Genetic polymorphisms in CYP1B1, GSTA1, NQO1 and NAT2 and the risk of lung cancer

Abstract

In a population-based case-cohort study, we have investigated the occurrence of lung cancer in relation to polymorphisms in the phase I gene cytochrome P450 1B1 and in the phase II genes glutathione S-transferase A1, NAD(P)H quinone oxidoreductase and N-acetyltransferase 2 (NAT2). Among 54,220 cohort members, 265 lung cancer cases were identified and a sub-cohort comprising 272 individuals was used for comparison. No overall associations were found between the polymorphisms and risk of lung cancer. The NAT2 fast acetylator genotype seemed to be protective against lung cancer in light smokers (≤20 cigarettes/day) and not among heavy smokers (>20 cigarettes/day).

Introduction

Tobacco smoking is the strongest known risk factor for lung cancer. Carcinogens present in tobacco smoke, such as polycyclic aromatic hydrocarbons (PAHs), quinones and arylamines, are mainly metabolised by phase I and II enzymes and polymorphisms in genes coding for these enzymes have been studied as possible modulators of risk for lung cancer.

A highly studied phase I gene is cytochrome P450 1A1 (CYP1A1). However, CYP1A1 is uncommonly detected in lung tissue at both mRNA and protein level [1] and no major effects on enzyme activity have been associated to any variant alleles in CYP1A1 [2]. Another phase I enzyme, CYP1B1, has been found to activate several PAHs found in tobacco smoke, including PAHs previously assumed to be activated mainly by CYP1A1 [3]. Unlike CYP1A1, CYP1B1 is expressed in human lung tissue [1]. In a polymorphism in CYP1B1 at codon 432 (Val→Leu), the variant allele has been associated with a slightly increase in the catalytic activation of some PAHs [3]. Only one case-control study known to us has investigated the relationship between lung cancer and this CYP1B1 polymorphism and found no association [4].
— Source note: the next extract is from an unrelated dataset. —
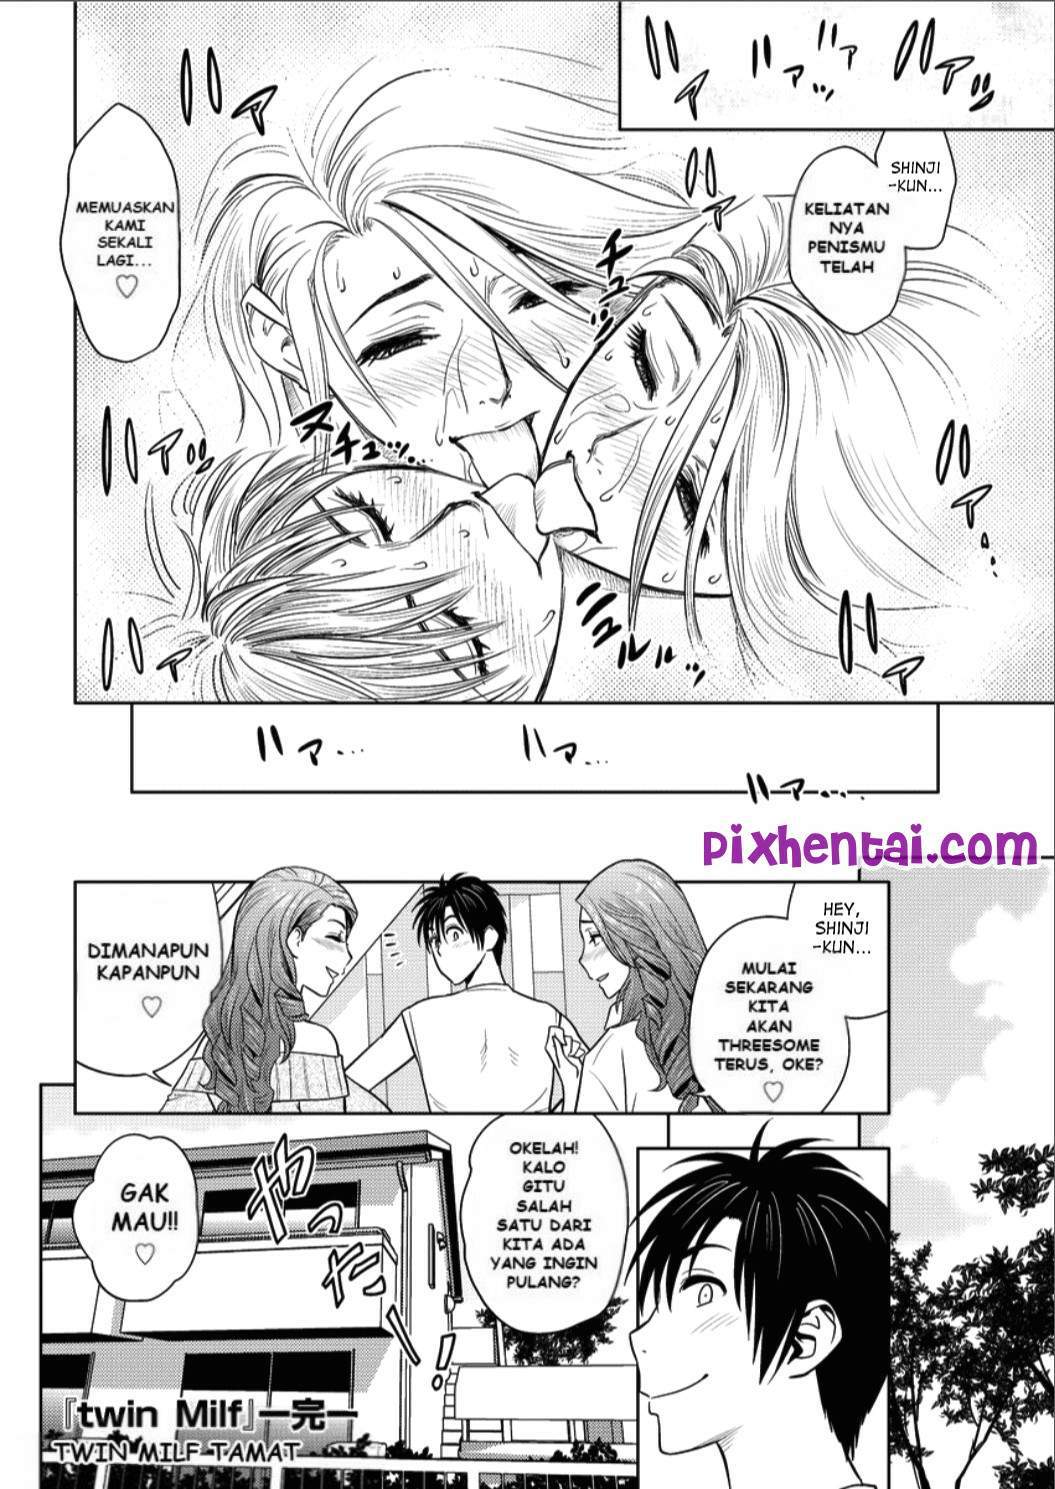 Komik hentai xxx manga sex bokep sesuatu yang dapat memuaskan tubuh dan pikiran 20

Glutathione S-transferases (GSTs) constitute a multigene family of phase II enzymes that deactivates many carcinogenic substrates. Several polymorphisms have been identified in GSTs. We have previously found that carriers of the GSTT1 null genotype were at significantly higher risk of lung cancer than individuals with GSTT1 present, whereas we found no effect of polymorphisms in GSTM1 or GSTP1 [5]. GSTA1/A2 and GSTP1 are the most abundant GSTs in the human lung [6]. A polymorphism in the proximal promoter of GSTA1, in which the variant allele is associated with decreased expression of GSTA1 [7], has been found associated with colorectal cancer [8]. We are not aware of any other studies that have investigated the relationship between this polymorphism and the risk of lung cancer. Another phase II enzyme, NAD(P)H quinone oxidoreductase (NQO1), is a two-electron reductase that depending of the substrate can either bioactivate or detoxify quinones. A polymorphism in codon 187 in NQO1 (Ser→Pro) has been associated with low activity of the enzyme [9]. The effect of the NQO1 genotype is ambiguous and has been associated with both higher [10] and a lower [11] risk of lung cancer. Arylamines are potential carcinogens that depending of the type can be either bioactivated or detoxified by the phase II enzyme NAT2. NAT2 is expressed in the human lung, although at low concentrations [12]. Polymorphisms in NAT2 result in NAT2 enzymes with either slow or fast acetylation capacity. The NAT2 slow acetylator genotype has been found to be a risk factor for lung cancer in non-smokers but protective among heavy smokers [13], [14], [15].

In the present study, we wanted to examine the relationship between polymorphisms in the metabolism genes CYP1B1, GSTA1, NQO1 and NAT2 and the risk of lung cancer in a population-based case-cohort study, matched on duration of smoking. We have previously examined relationships between polymorphisms in GSTT1, GSTM1 and GSTP1 and risk of lung cancer in the same study population [5].